On Your Knees!
"We publish caricatures every week, but people only describe them as declarations of war when it's about the person of the prophet or radical Islam."
"When you start saying that you can't create such drawings, then the same thing will soon apply to other, more harmless representations."
"I have no kids, no wife, no car, no credit. It may be a little pompous what I'm going to say, but I'd rather die standing up than live on my knees."
Stephane Charbonnier, late editor-in-chief, Charlie Hebdo
Vigil: People gathered around candles
and pens at the Place de la Republique in Paris in support of the
victims after the terrorist attack
"They were not evil people. They were just people who wanted us to be happy. They were people who wanted humour to have its place in our lives. That is all, and that is what was murdered. Perhaps the media were sub-par during all these years on this radicalization. This rise of fundamentalism in France was not talked about enough. The alarm was not sounded enough. We did what we could, and we were often alone."
Philippe Val, past editor, Charlie Hebdo
The French satirical magazine saw nothing as sacred, nothing escaped the scathing images of politicians, religious figures, celebrities; everything and everyone could and would be critiqued. There was nothing that could be set aside and held beyond comment meant to illustrate the absurdity of the human condition, our fascination with and for ourselves, our liabilities as decent human beings, our fallibility as thinkers and doers; sacrilege an unrecognized concept to those who insisted on an obligation to laugh at our stupidities.
How else recognize how given we are as a species to glorifying ourselves even while we are so busy wallowing in the garbage we create, covering ourselves in the manure of our own making, delighting in believing the fantasies of ourselves as good and decent and caring and kind even when we are not? "Nothing is sacred. Principle No.1. Not even your own mother, not the Jewish martyrs, not even people starving of hunger", urged the magazine's founder, Francois Cavanna.
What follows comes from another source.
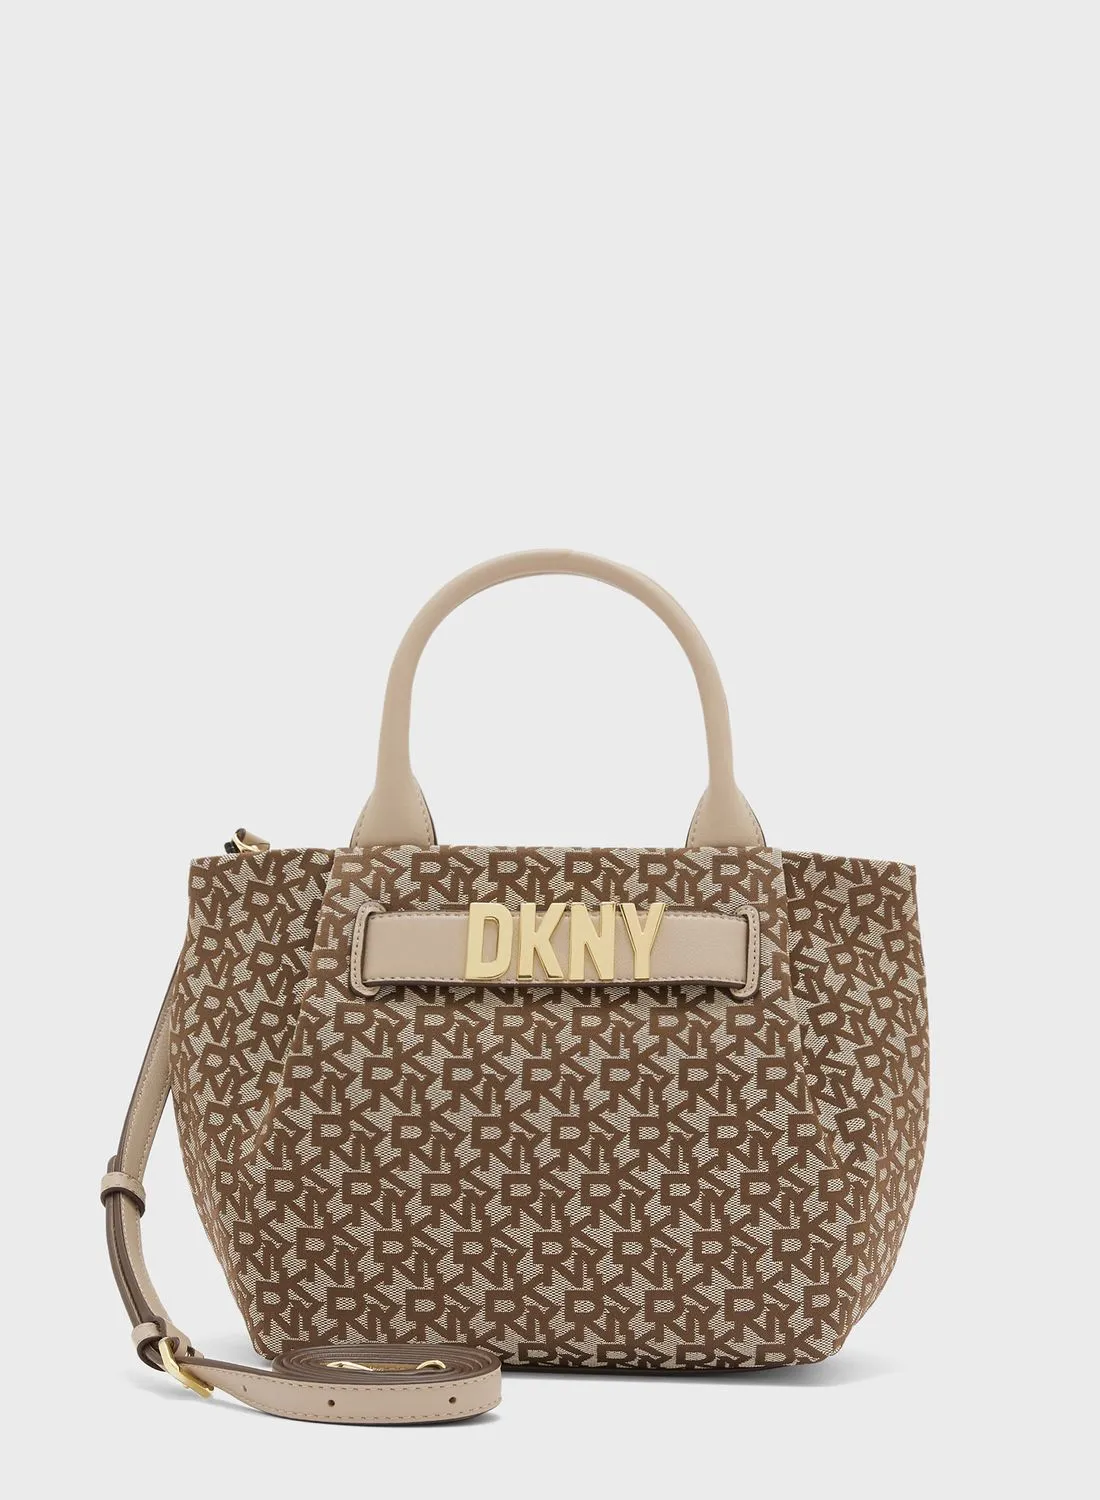 DKNY Pilar Top Handle Satchels Bags

"Laugh at everything, ferociously, bitterly, to exorcise the old monsters." Jews, in fact, are known for their black humour, a bitter nasty humour that is meant to address the misfortunes of life born of the disease of anti-Semitism that plagued and continues to hound that small but persistent and enduring community sharing an ethnic culture and religious belief, along with a tragic history and an unknowable future.
Lawsuits brought against Charlie Hebdo didn't seem to faze those who worked for the idea behind the magazine. Mostly atheists living within an officially secular country whose values were those of tolerance and brotherhood. A country which in a spirit of tolerance absorbed within its geography refugees and immigrants from countries whose tribal cultural inheritance and religious intolerance would change the underground face of the country in ways hardly imagined.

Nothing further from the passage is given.